Detailed Description
Reference will now be made in detail to the exemplary embodiments, examples of which are illustrated in the accompanying drawings. When the following description refers to the accompanying drawings, like numbers in different drawings represent the same or similar elements unless otherwise indicated. The embodiments described in the following exemplary embodiments do not represent all embodiments consistent with the present invention. Rather, they are merely examples of apparatus and methods consistent with certain aspects of the invention, as detailed in the appended claims.
The terminology used herein is for the purpose of describing particular embodiments only and is not intended to be limiting of the invention. As used in this specification and the appended claims, the singular forms "a", "an", and "the" are intended to include the plural forms as well, unless the context clearly indicates otherwise. It should also be understood that the term "and/or" as used herein refers to and encompasses any and all possible combinations of one or more of the associated listed items.
It is to be understood that although the terms first, second, third, etc. may be used herein to describe various information, these information should not be limited to these terms. These terms are only used to distinguish one type of information from another. For example, first information may also be referred to as second information, and similarly, second information may also be referred to as first information, without departing from the scope of the present invention. The word "if" as used herein may be interpreted as "at … …" or "when … …" or "in response to a determination", depending on the context.
The speech recognition according to the embodiment of the present invention involves an acoustic model and a language model in the recognition process, wherein the acoustic model is a knowledge representation of the difference between the acoustics, the phonetics, the environmental variables, the sex, the accent, and the like of the person who utters the speech, and the acoustic model is configured by training the speech contained in the training speech library through an LSTM (Long Short-Term Memory), a ctc (connectionist temporal classification) model, or a hidden markov model HMM, and obtaining a mapping from the acoustic features of the speech to the utterance, which is related to the modeling unit. If the modeling unit is a syllable, the pronunciation is a syllable; if the modeling unit is a phoneme, the pronunciation is a phoneme; if the modeling unit is a state that constitutes a phoneme, the pronunciation is a state.
In training the acoustic model, considering that pronunciation may vary with different factors affecting pronunciation, such as word, speed, intonation, accent, and dialect, the training speech library needs to cover a large amount of speech with different factors affecting pronunciation, such as word, speed, intonation, accent, and dialect. In addition, in consideration of the accuracy of speech recognition, smaller pronunciation units of syllables, phonemes, states, and the like may be selected as the modeling unit. Therefore, a large number of acoustic models are constructed by performing model training based on a large number of voices included in the training voice library and a predetermined modeling unit. In the speech recognition process, a large number of acoustic models are used for carrying out feature classification on a speech signal to be recognized, and an obtained feature classification result contains a large number of pronunciations (categories), such as: 3000 to 10000 pronunciations.

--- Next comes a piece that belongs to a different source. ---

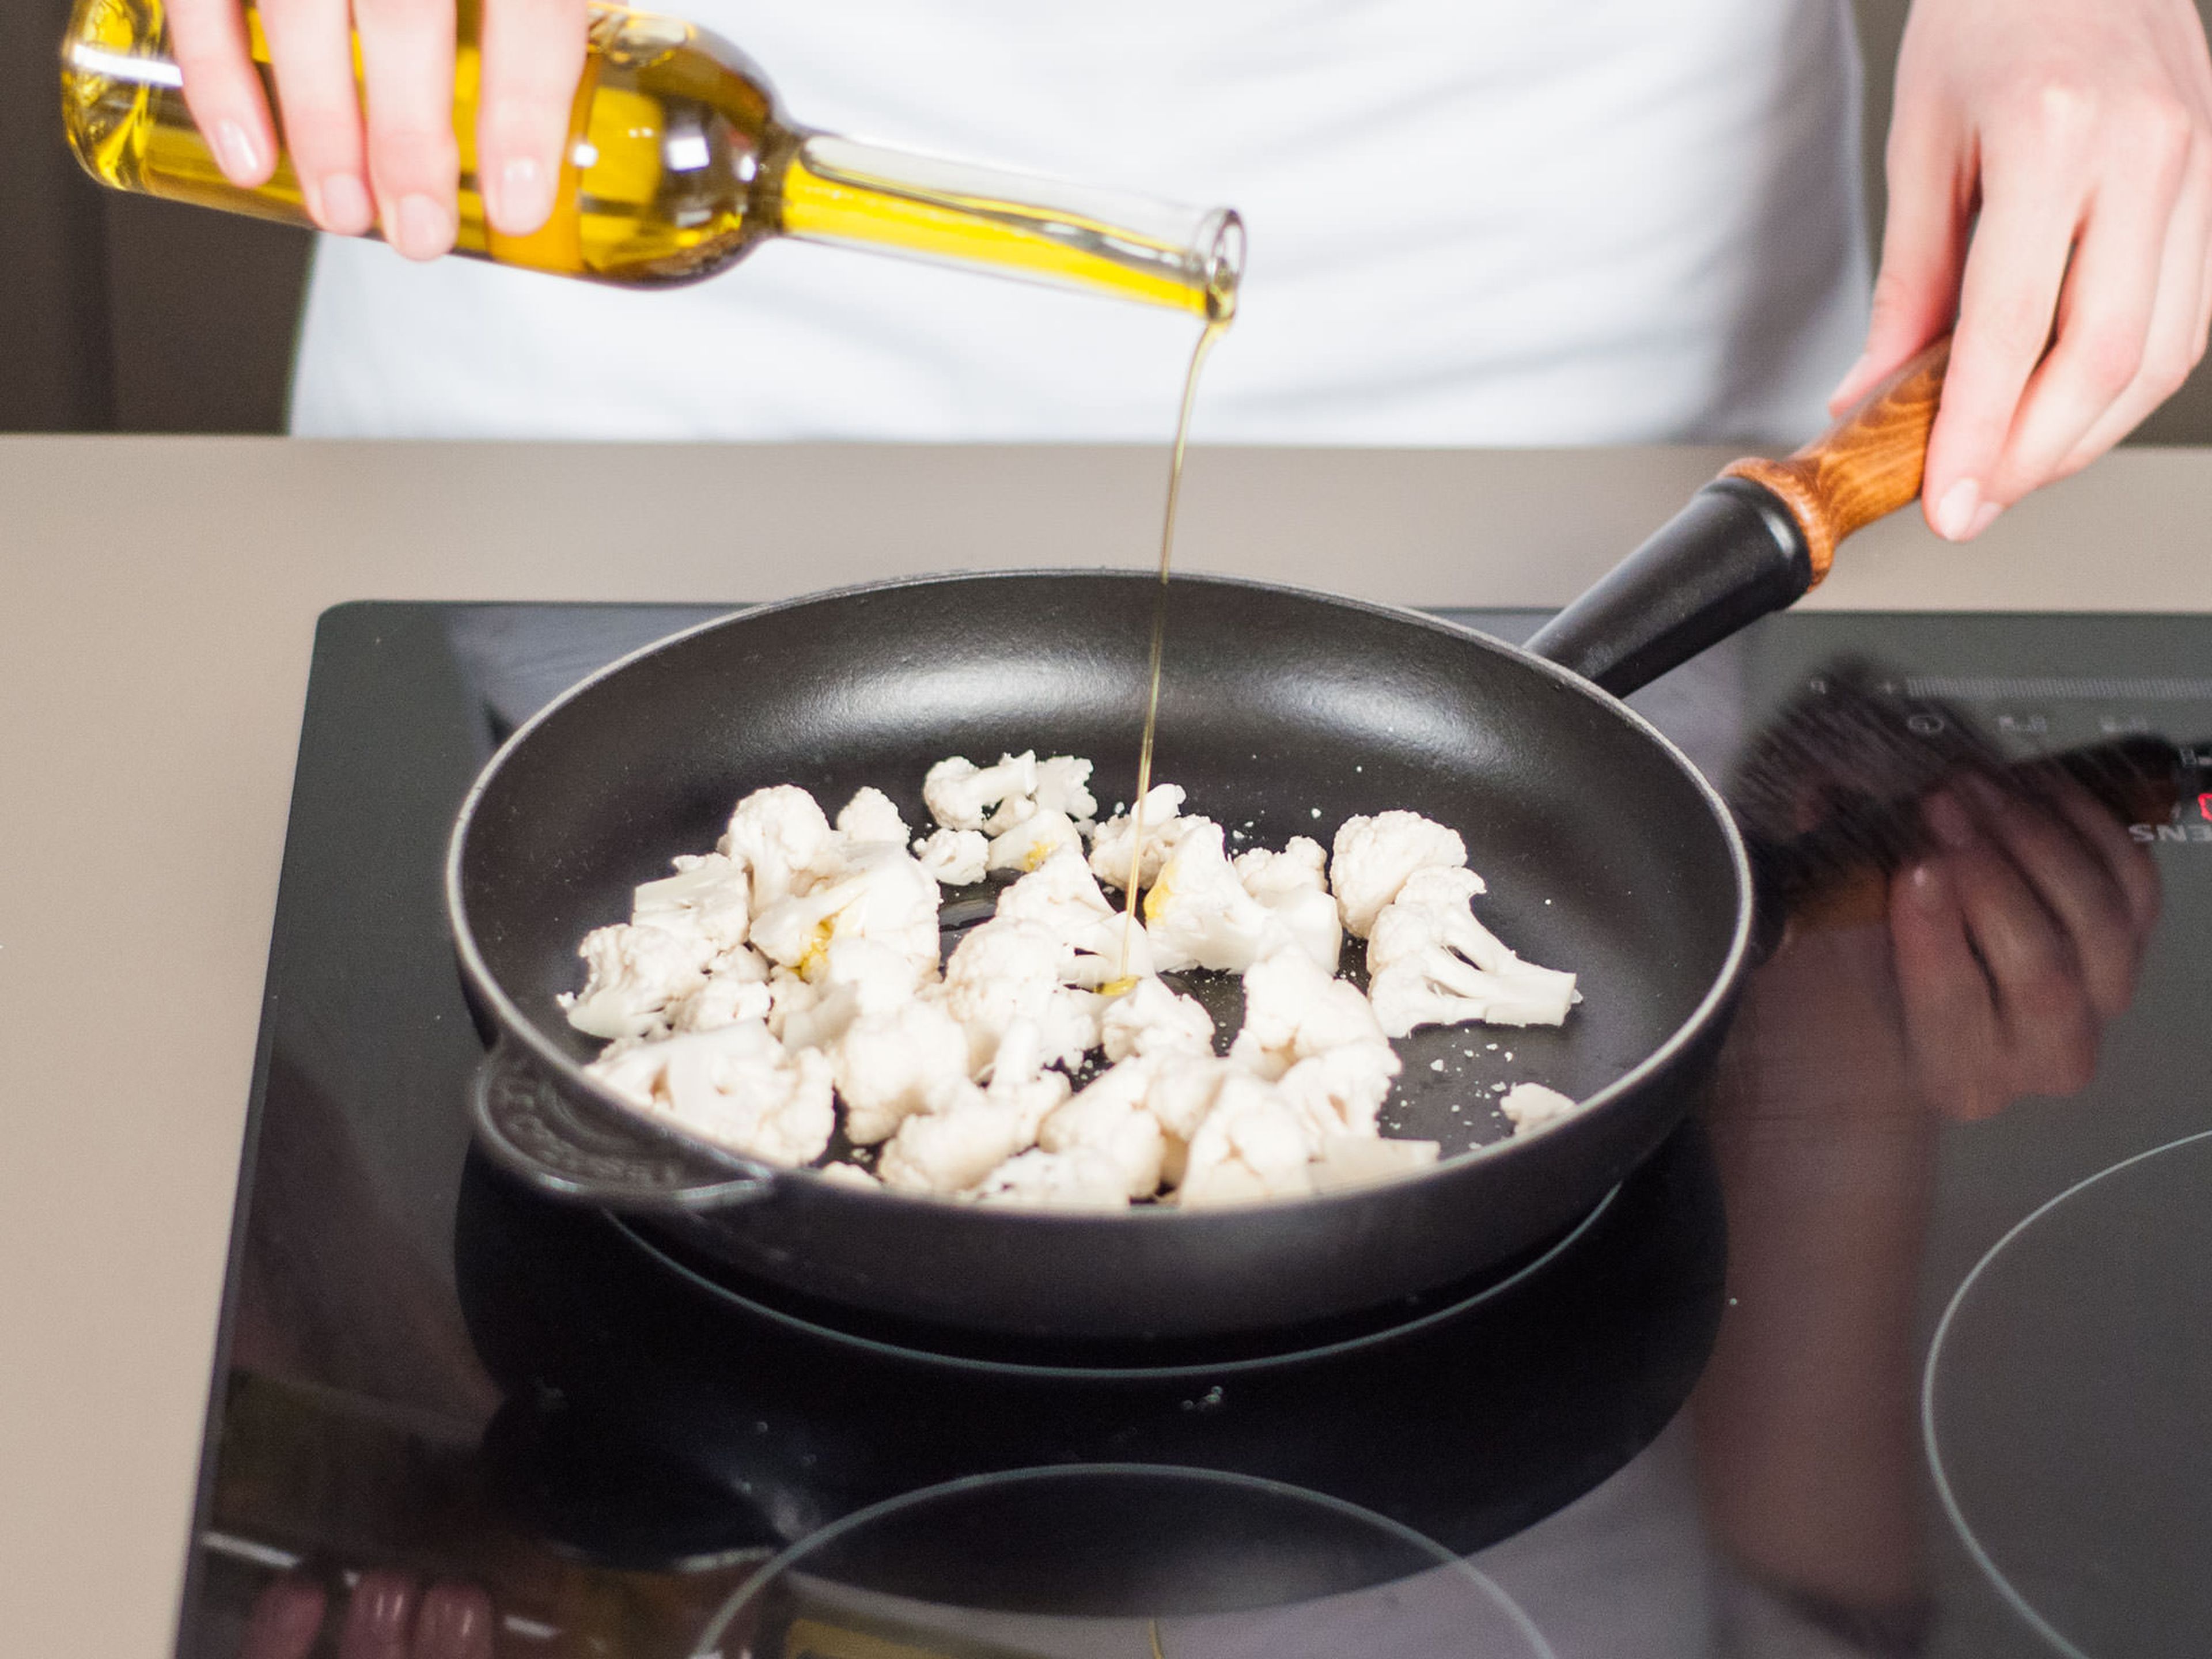 Blumenkohl in eine ofenfeste Pfanne geben. Olivenöl hinzugeben und mit Salz und Pfeffer würzen. Im Backofen bei 180°C ca. 10 Min. backen. Dann aus dem Backofen nehmen und beiseitestellen.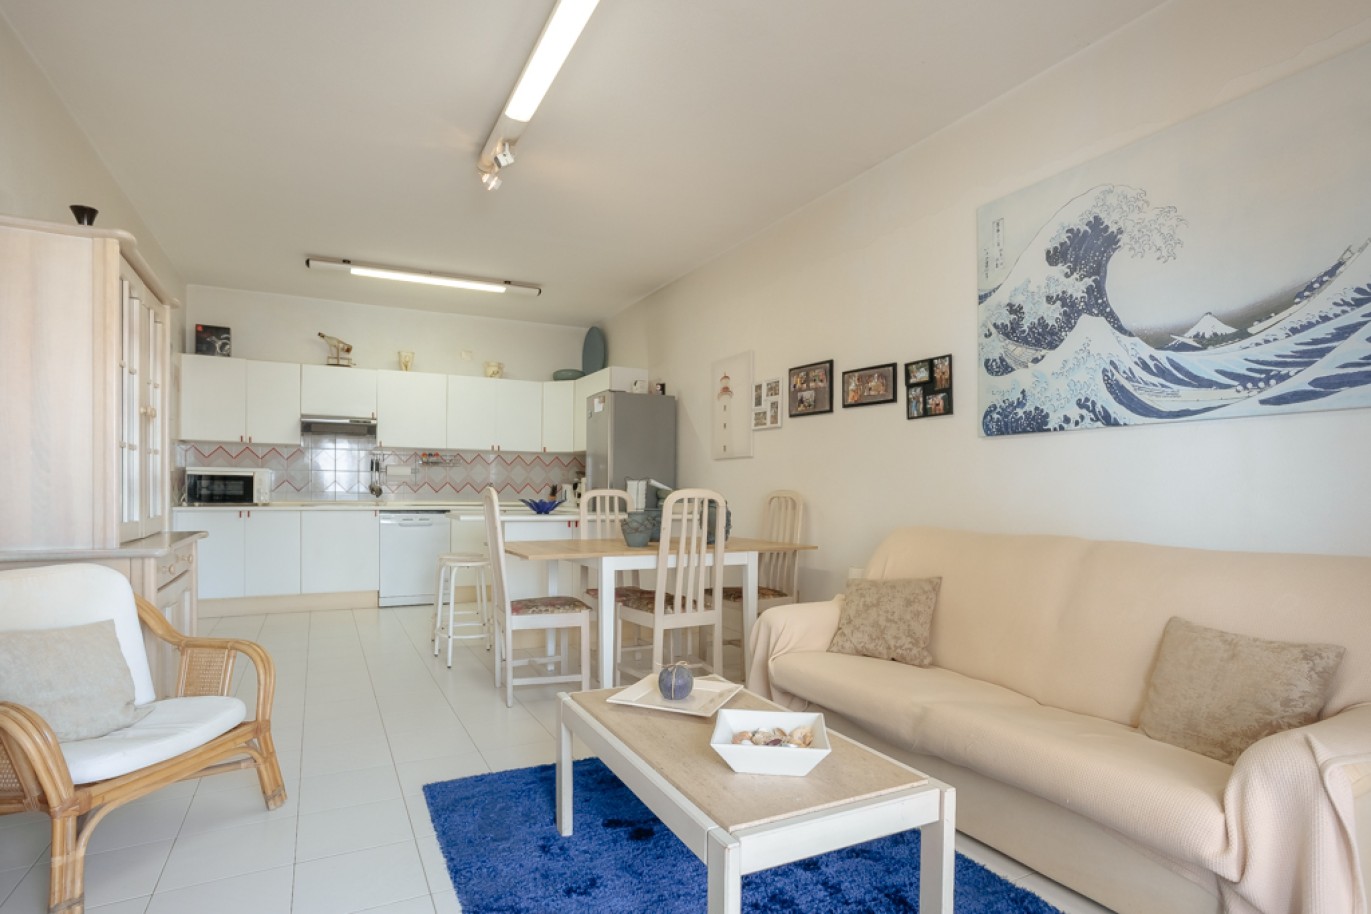 Apartamento com 1+1 quartos, com vista mar, para venda em Porches, Algarve_257022

In addition, in order to recognize text information corresponding to a speech signal, the current speech recognition technology needs to search all possible paths in a recognition network for each pronunciation, and path increment in an exponential form is generated in the search process. If 3000 to 10000 possible paths related to pronunciation are searched in the recognition network, the storage resource and the calculation amount required by the search may exceed the limit which can be borne by the voice recognition system, therefore, the current voice recognition technology can consume a large amount of time and resources, and the problem of low voice recognition efficiency exists.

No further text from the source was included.